**HOW TO COMPLETE THIS TASK**
Your answer should hold exactly the lines below from the line with "Coastal Inspiration der BC Ferries" through the line with "Peru Dos 2 Centavos 1945", both included, and no pictures at all.

**DATA**

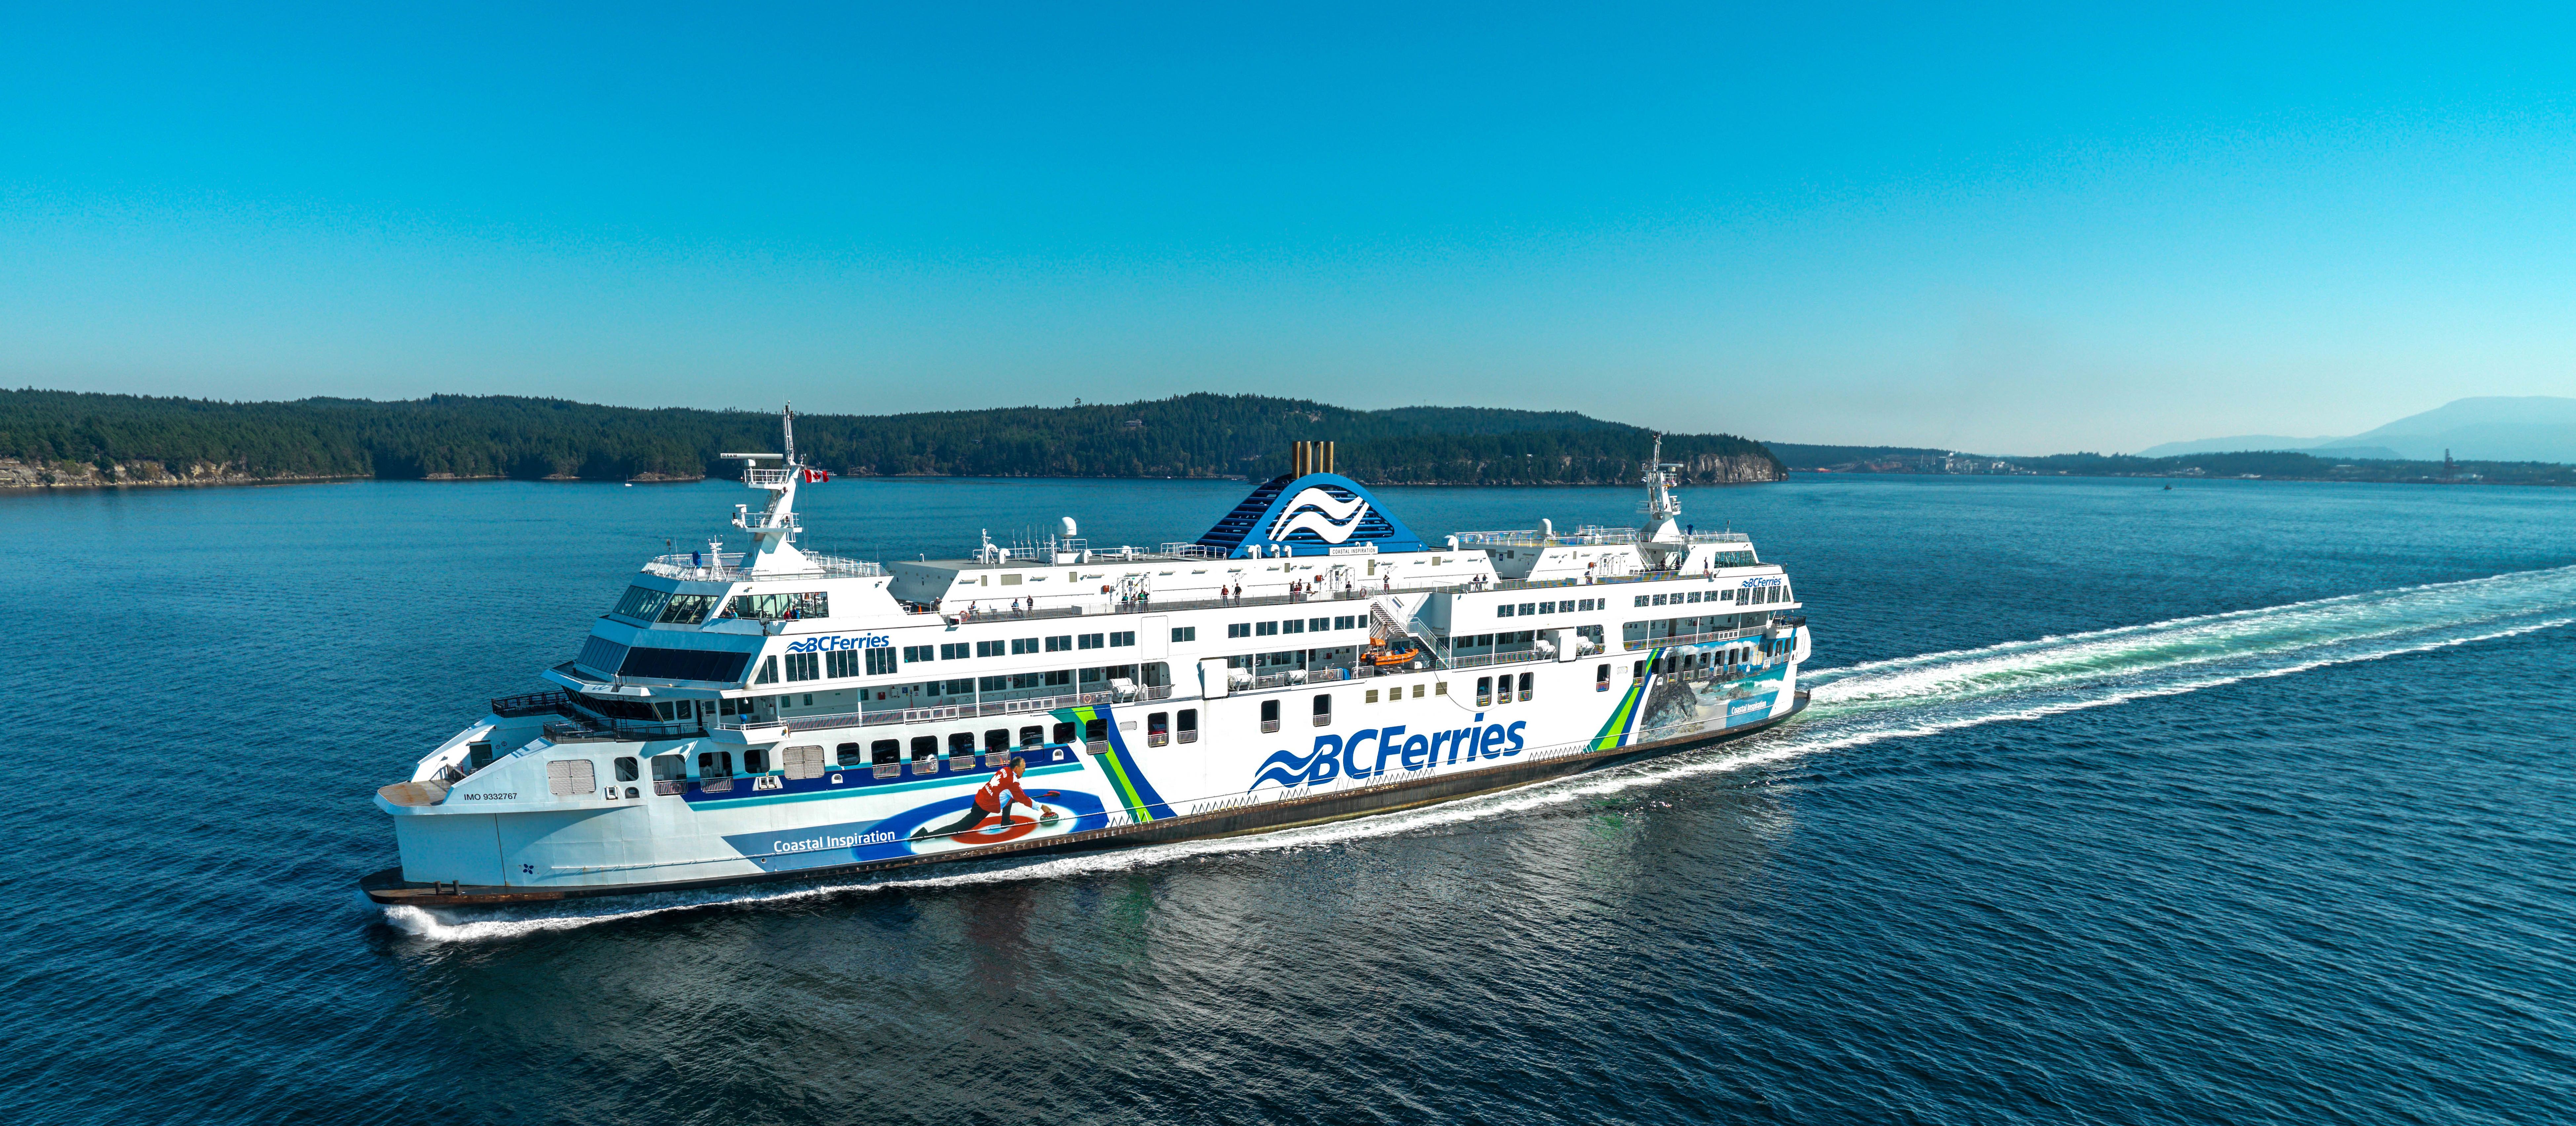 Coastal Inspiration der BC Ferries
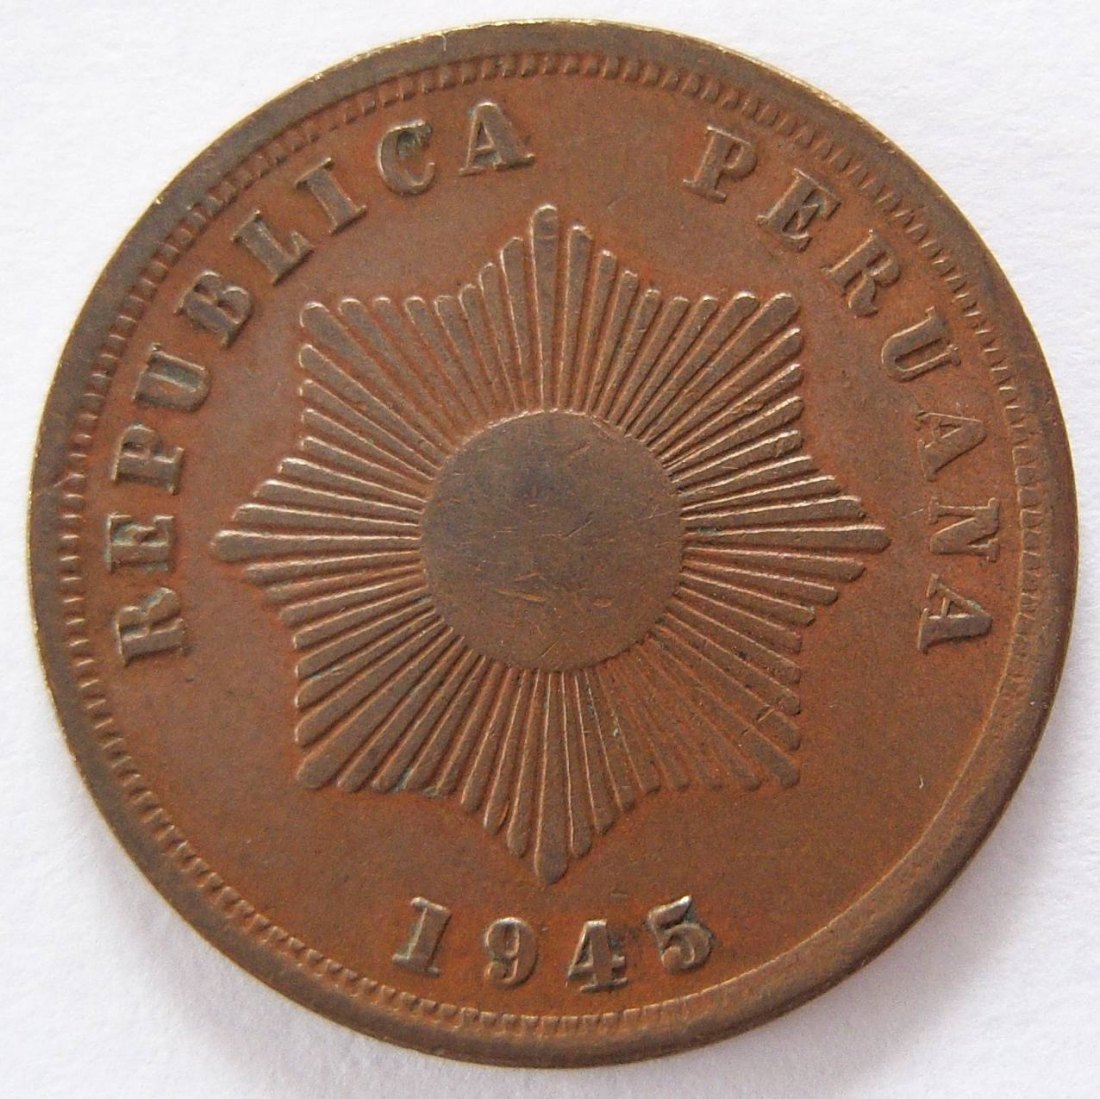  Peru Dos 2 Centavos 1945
---
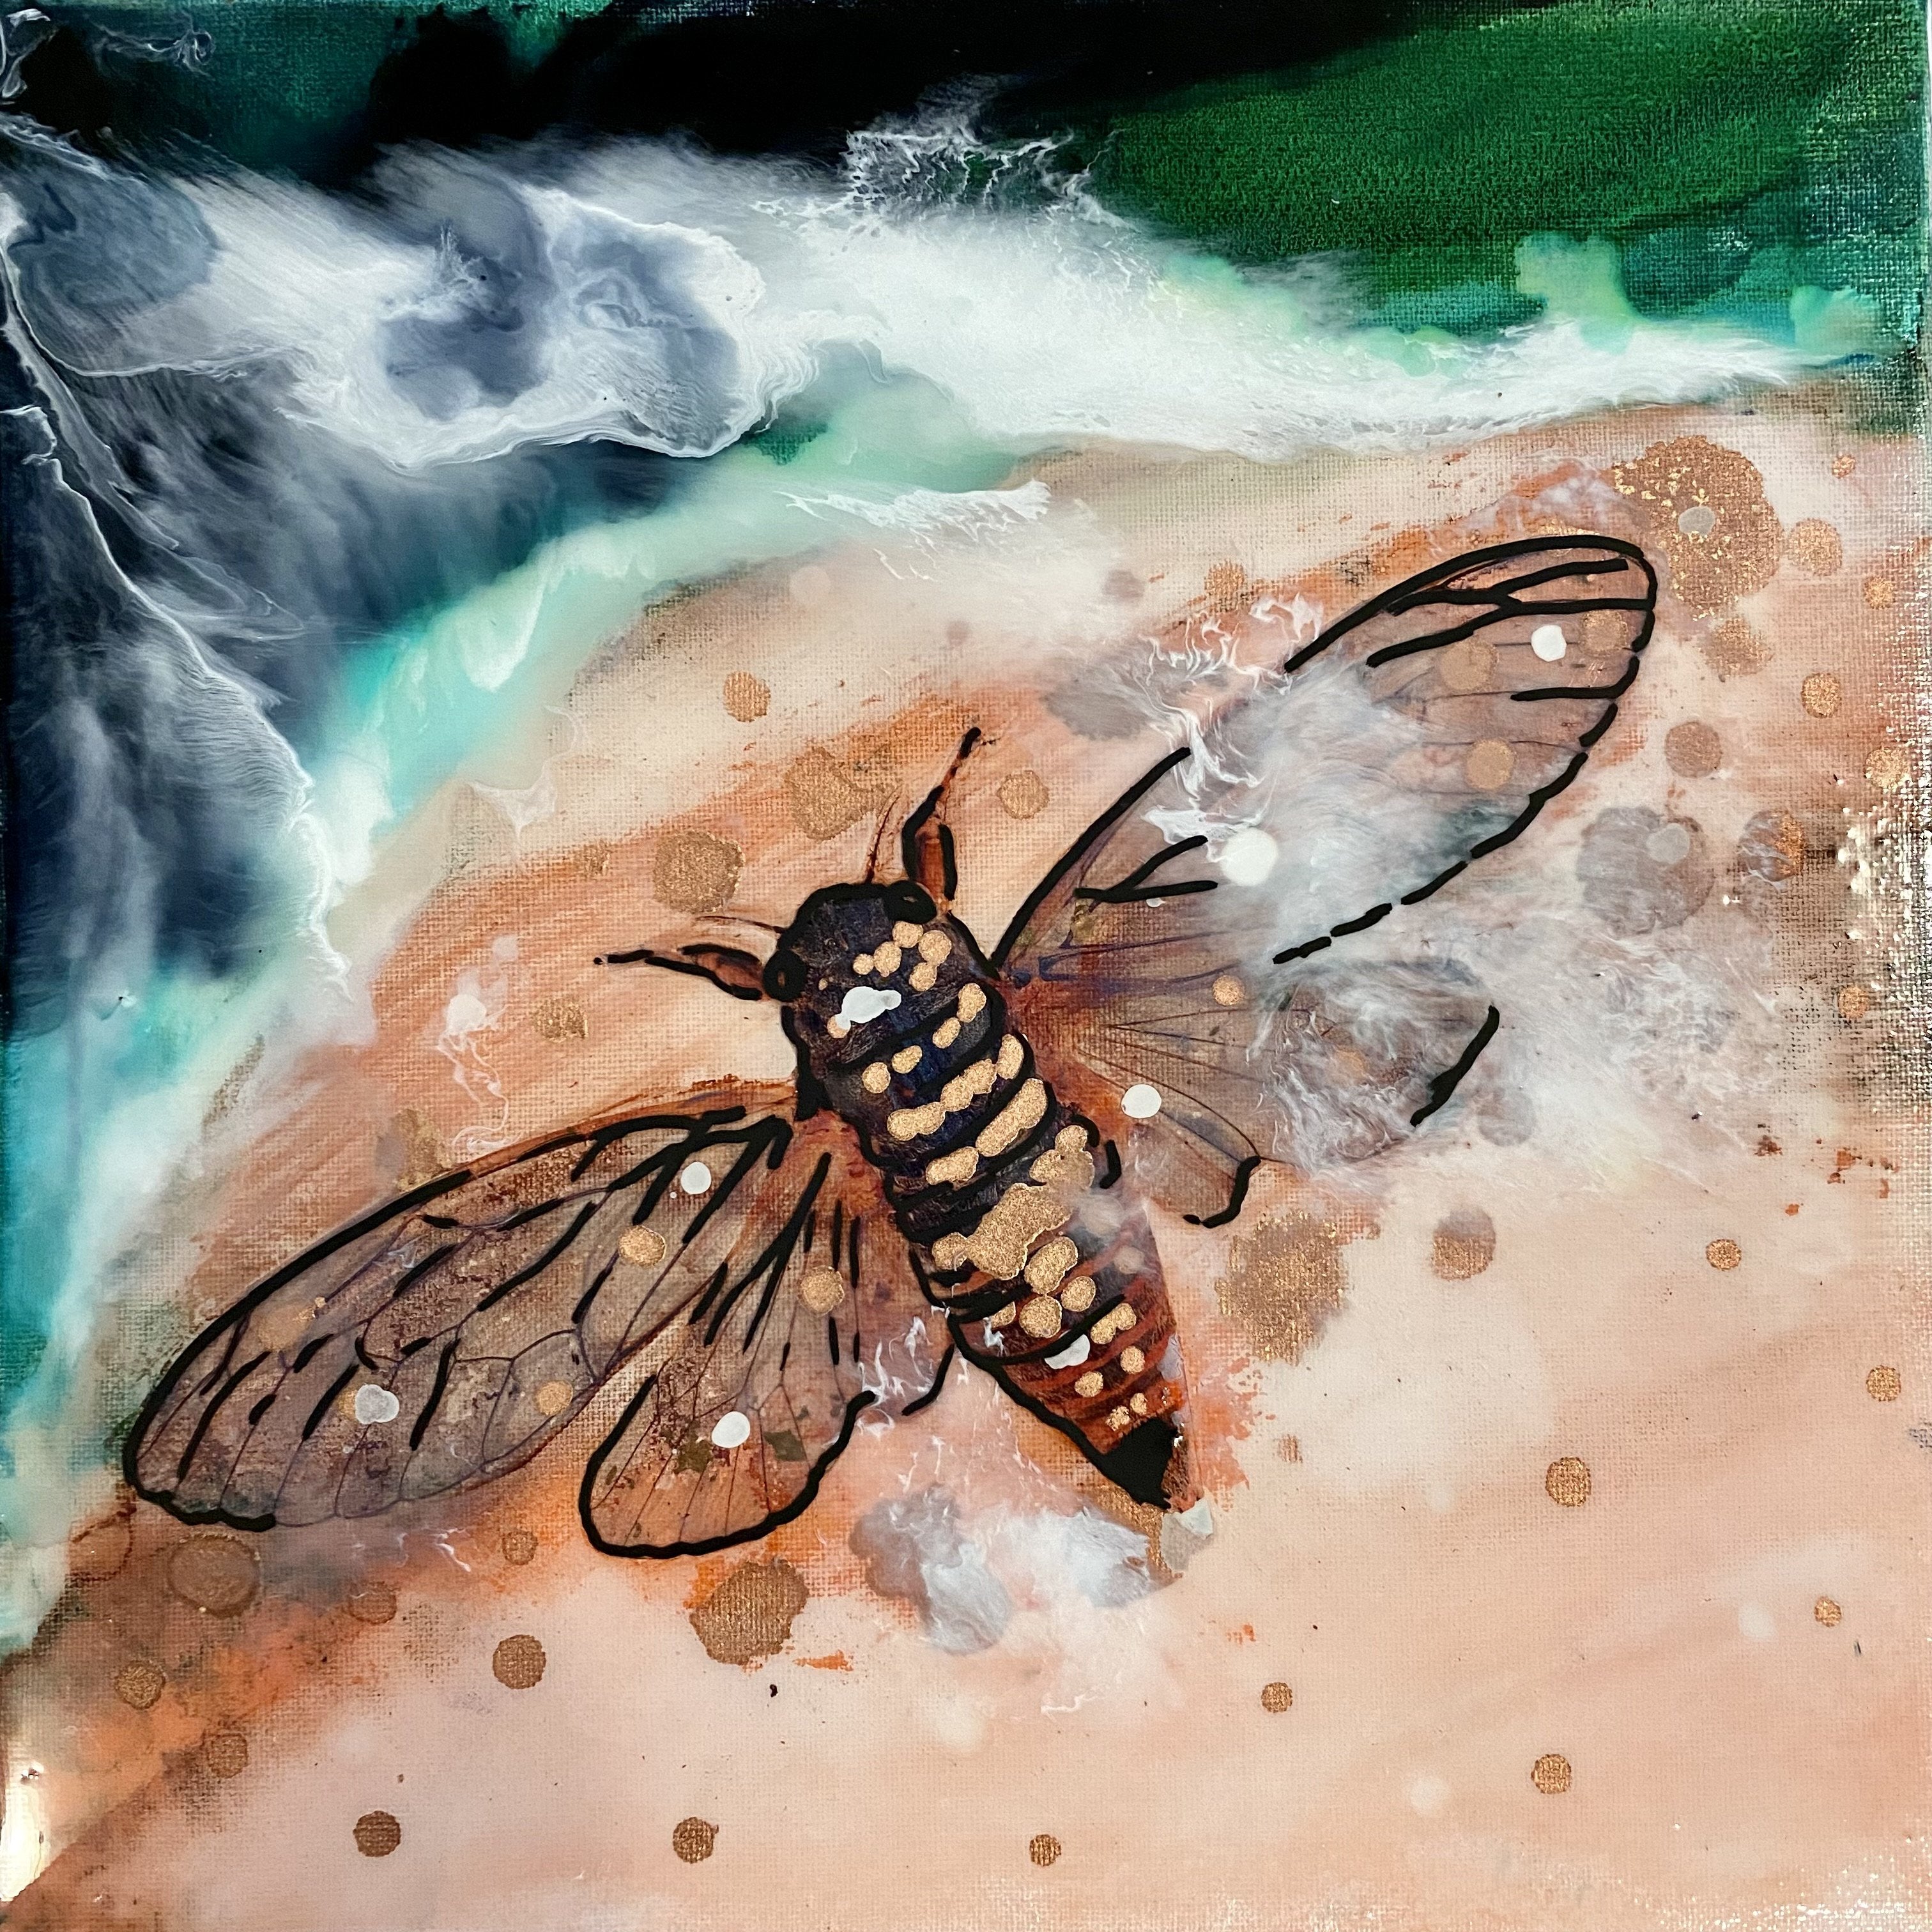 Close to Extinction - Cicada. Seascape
--
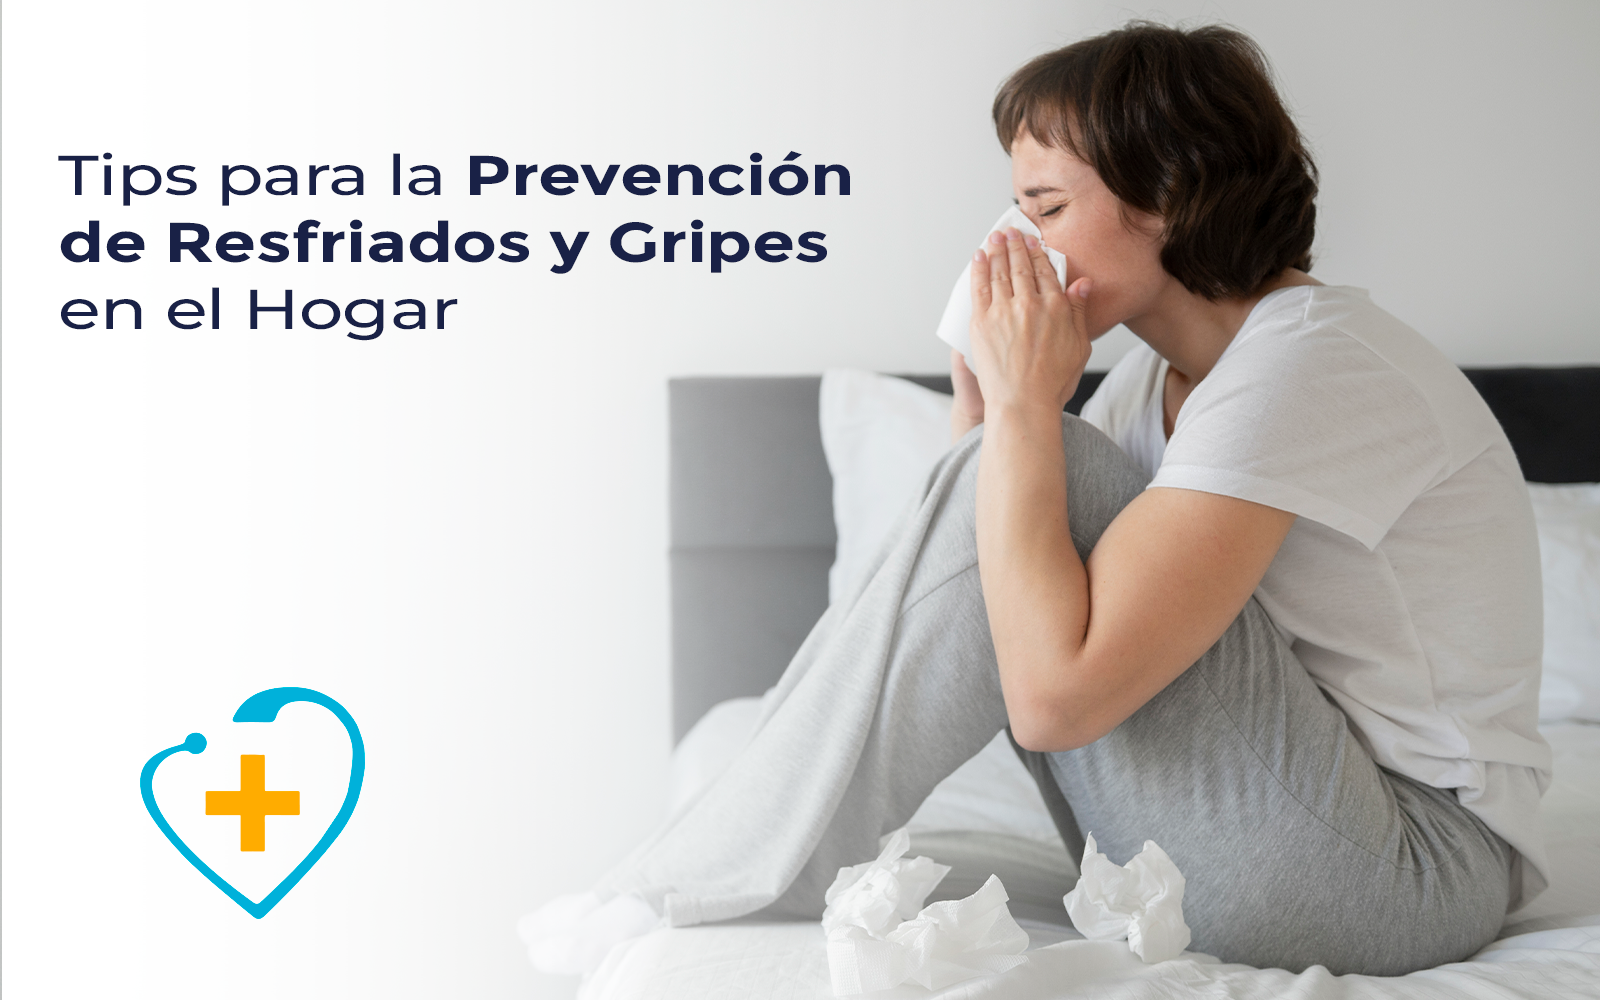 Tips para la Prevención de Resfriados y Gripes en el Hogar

**RESPONSE AREA**
 Coastal Inspiration der BC Ferries
  Peru Dos 2 Centavos 1945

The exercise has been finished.